We wtorek rolnicy zorganizowali blokady i protesty w blisko 200 miejscach w całej Polsce: utrudniali przejazdy drogami lokalnymi i krajowymi, wjazd do miasta, „parkowali” traktory w centrach miast. W przyszły wtorek chcą rozpocząć protesty w Warszawie. Jak ustalił reporter RMF FM, rolnicy chcą zgromadzić się przed Pałacem Kultury i Nauki, stamtąd przejść przed Sejm, a następnie przed kancelarię premiera. Mają nadzieję spotkać się z szefem rządu.
Tusk i minister Siekierski zapewniają o zrozumieniu dla rolników
Dziś w Sejmie wiele uwagi poświęcono trudnej sytuacji rolników. Premier Donald Tusk zapewnił, że nie ustaje w wysiłkach, aby zabezpieczyć interesy polskiej wsi.
– Będziemy szukali rozwiązań ochronnych dla polskich rolników, poprzez użycie środków krajowych jak i poprzez dalsze negocjacje z Ukrainą, z instytucjami europejskimi. Tak, aby te negatywne konsekwencje liberalizacji handlu z Ukrainą były mniej dotkliwe, żeby je zniwelować, tak jak się da. I tutaj polscy rolnicy mogą na mnie liczyć. Jesteśmy do dyspozycji – zapewnił premier.
Minister rolnictwa Czesław Siekierski zapewniał dziś w Sejmie, że rozumie rolników i przyznaje im rację.
– Komisja Europejska posunęła się za daleko jeżeli chodzi o wymogi związane z Zielonym Ładem.
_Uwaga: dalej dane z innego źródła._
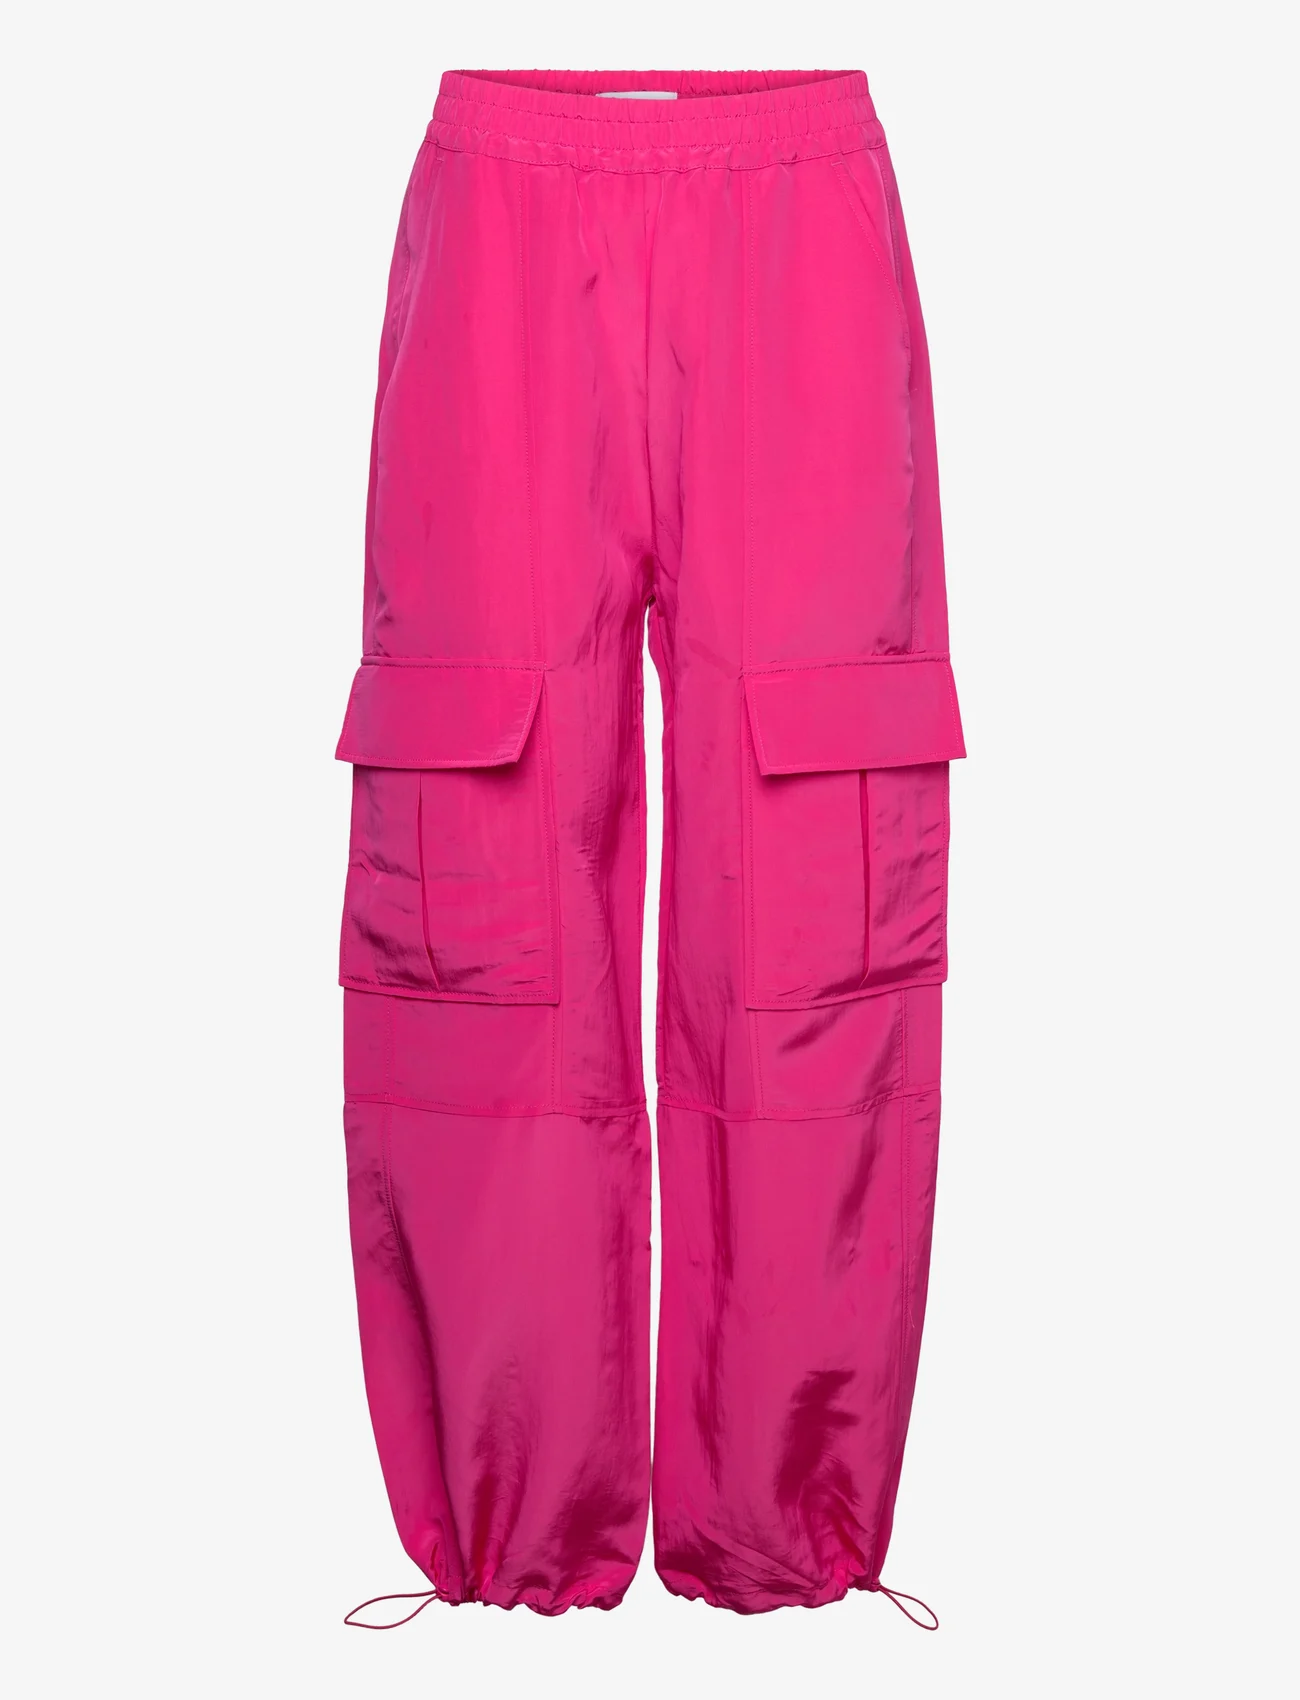 RODEBJER - Rodebjer Hayden - cargo pants - hot pink - 0

Obecnie protestujący rolnicy słusznie wyrażają sprzeciw wobec sytuacji, w jakiej znalazło się rolnictwo w Polsce – mówił w Sejmie Siekierski.
Zapewnił, że „naszym wspólnym celem jest silne polskie i europejskie rolnictwo, które potrafi obronić się przed nieuczciwą konkurencją” i wobec tego niezbędne jest wzmocnienie pomocy finansowej dla rolników. Wezwał też Komisarza ds. rolnictwa do „przejrzystości w działaniu”. W ocenie ministra konieczne jest odejście od rygorystycznych i kosztownych zasad Zielonego Ładu, w którym rolnicy z całej Europy (bo protesty trwają nie tylko w Polsce) dostrzegają niebezpieczeństwo dla swojej przyszłości. Obawiają się, że nie podołają finansowo wymaganiom nowej polityki unijnej.